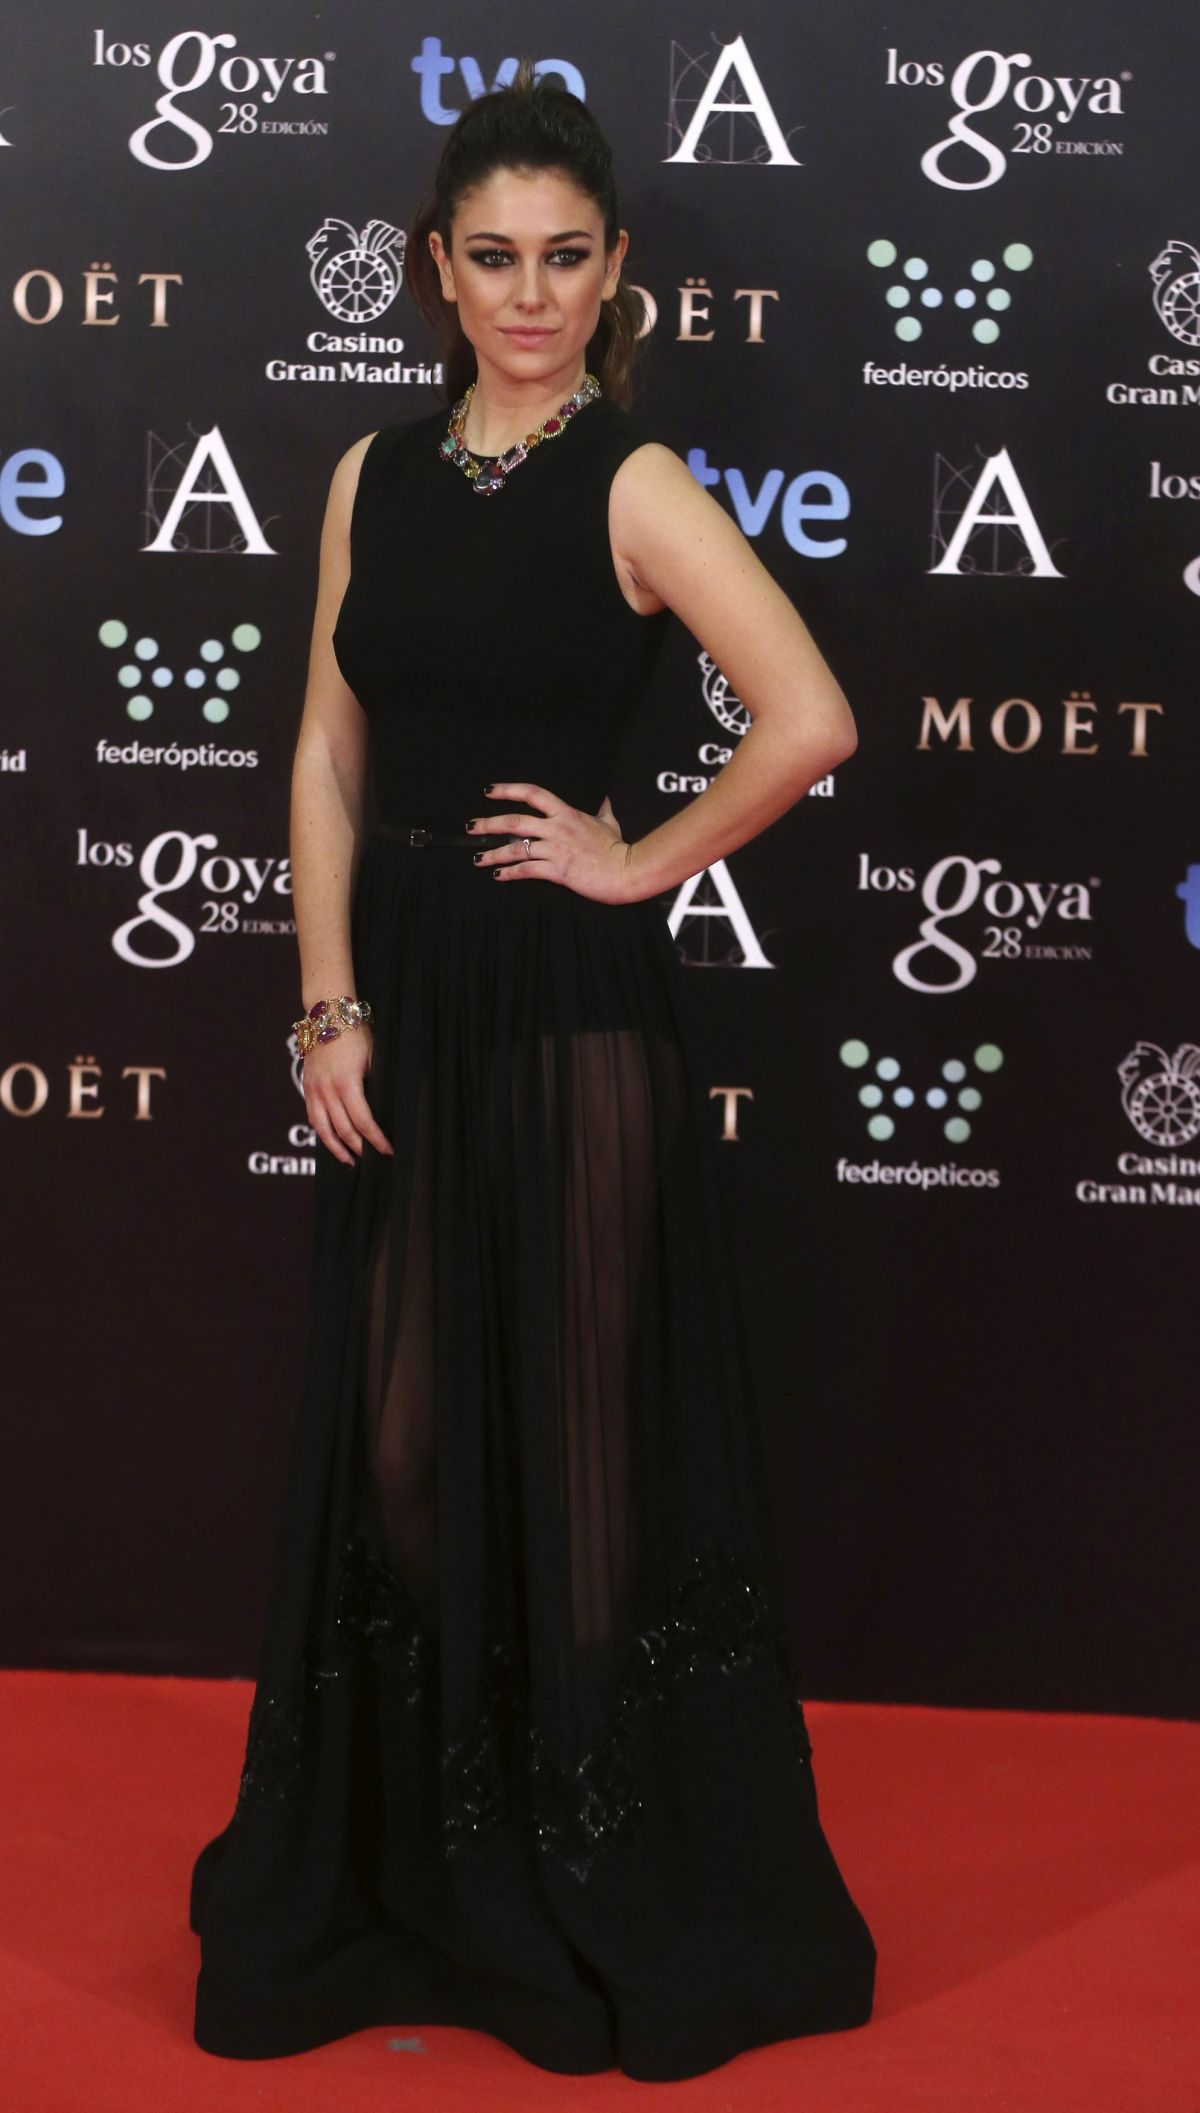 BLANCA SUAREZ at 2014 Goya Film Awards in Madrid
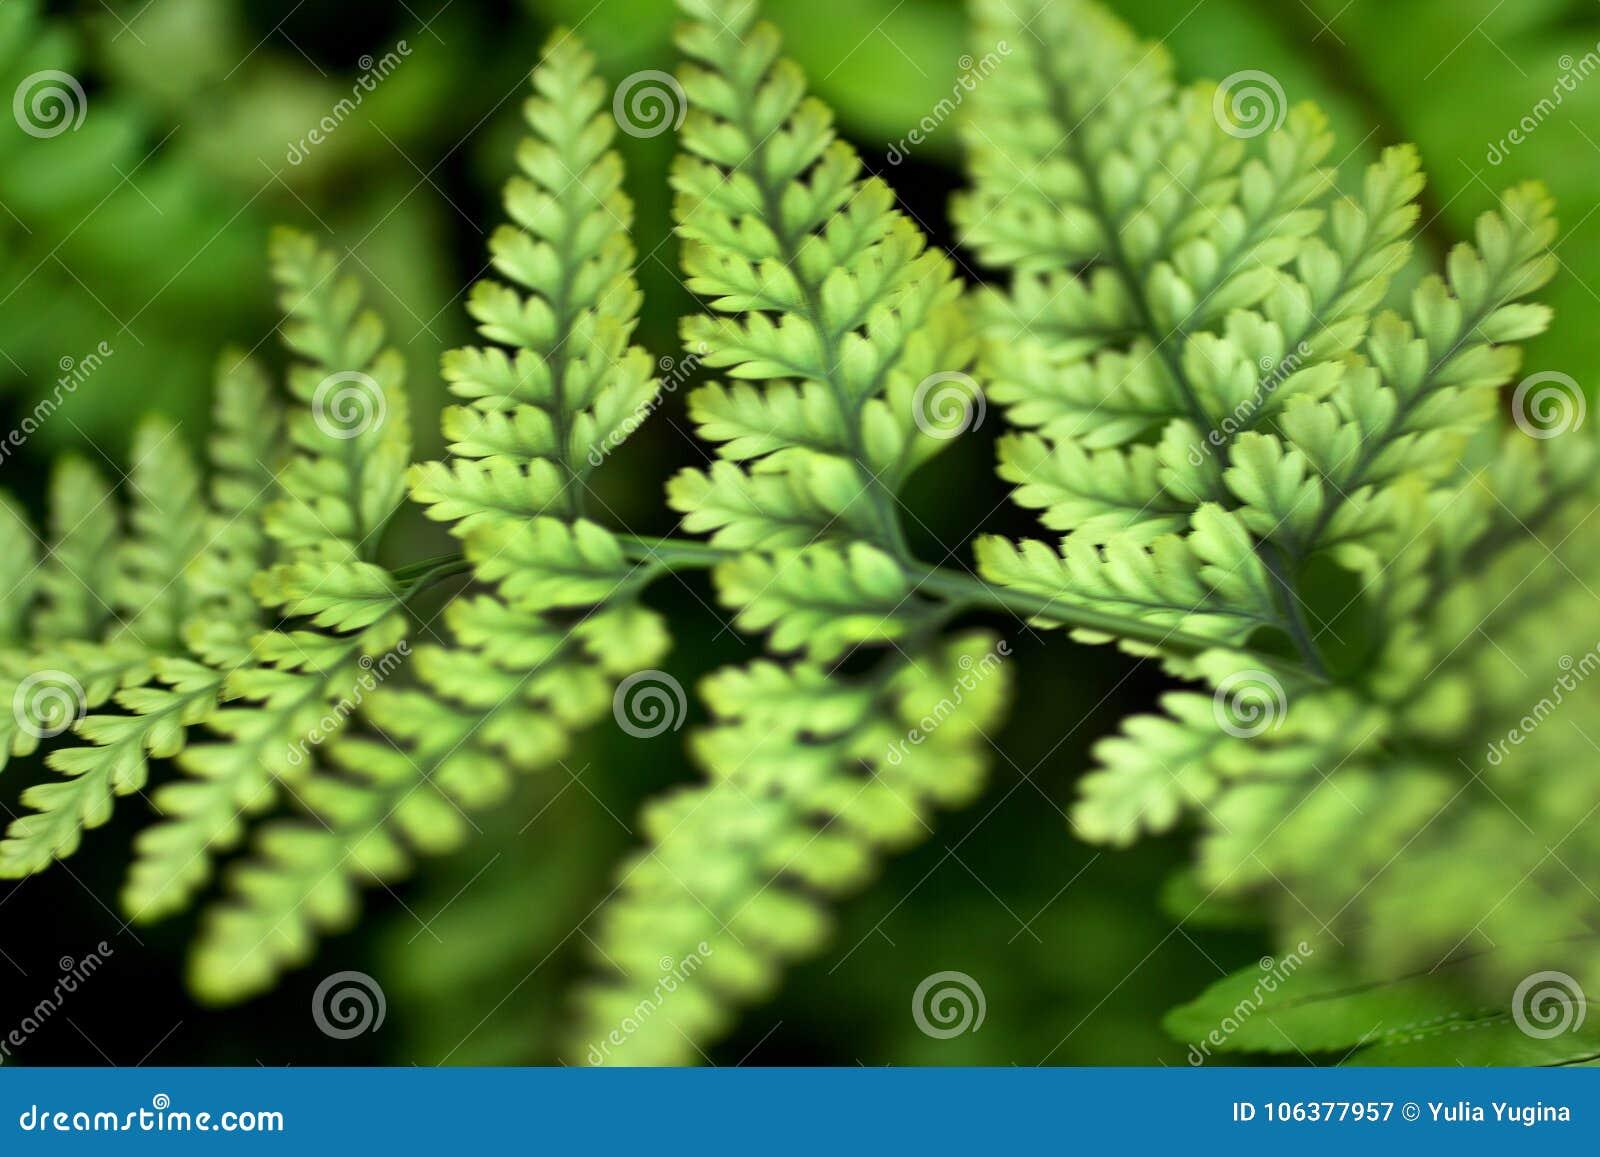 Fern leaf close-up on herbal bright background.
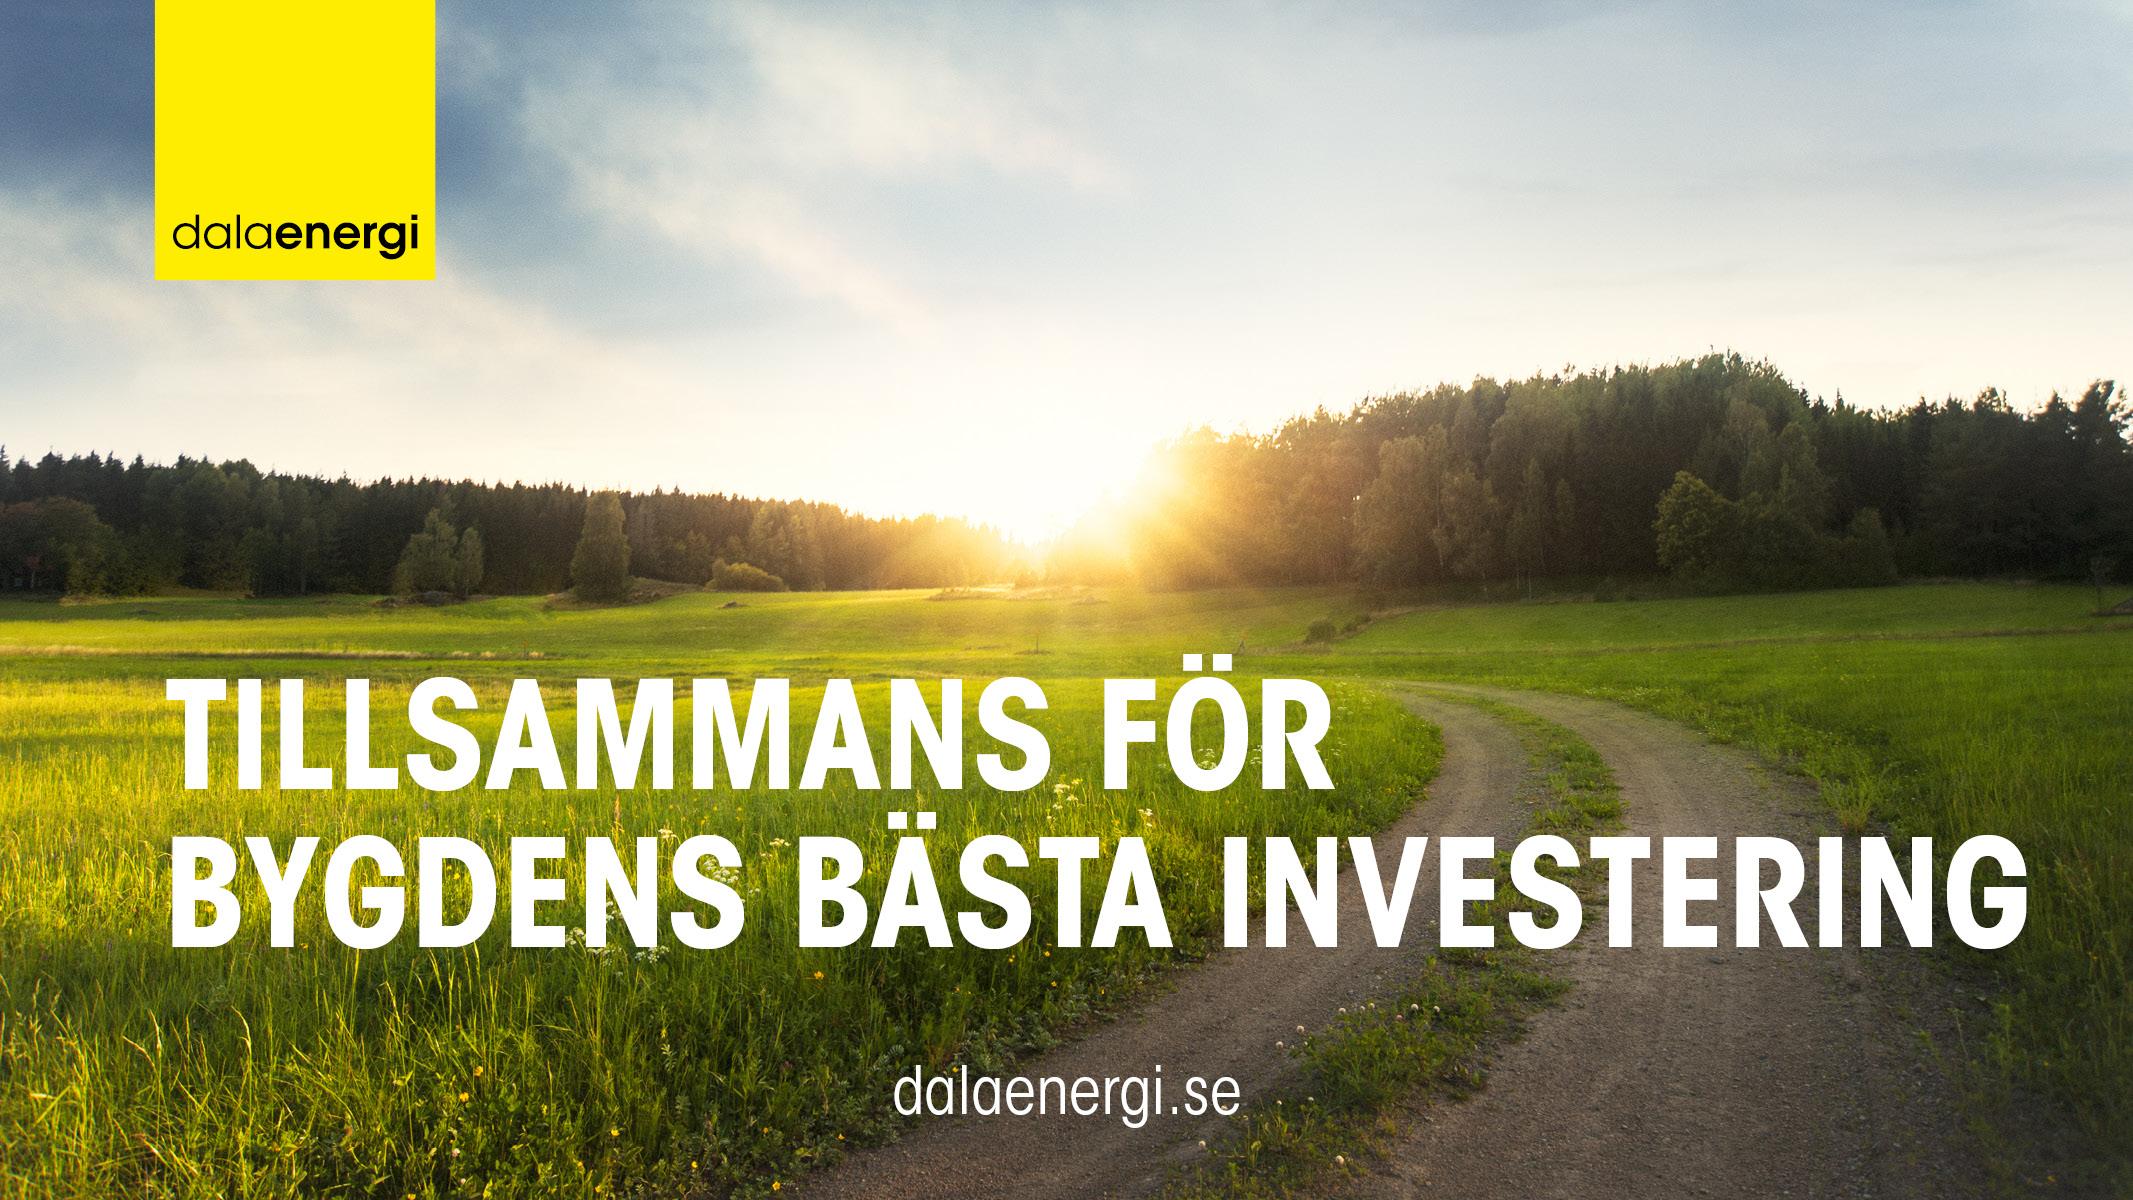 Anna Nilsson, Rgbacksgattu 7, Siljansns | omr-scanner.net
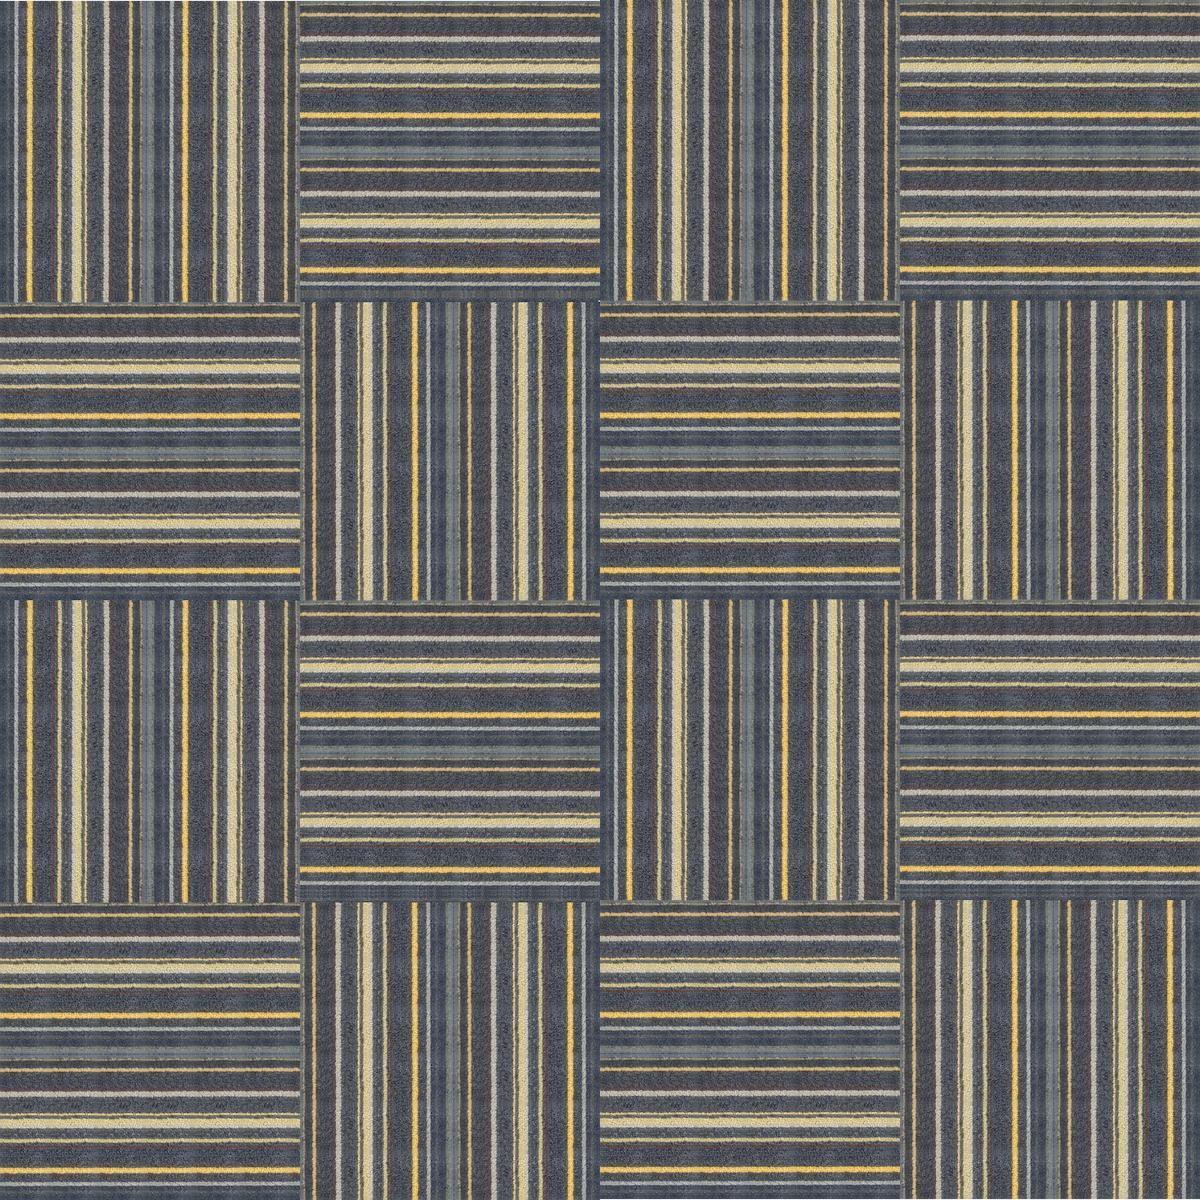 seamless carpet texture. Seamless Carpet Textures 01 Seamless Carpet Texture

* * * * *

> **Exercise goal**
For this exercise, retype the listing above word for word and omit the pictures.

> **Solution below**
 BLANCA SUAREZ at 2014 Goya Film Awards in Madrid
 Fern leaf close-up on herbal bright background.
 Anna Nilsson, Rgbacksgattu 7, Siljansns | omr-scanner.net
 seamless carpet texture. Seamless Carpet Textures 01 Seamless Carpet Texture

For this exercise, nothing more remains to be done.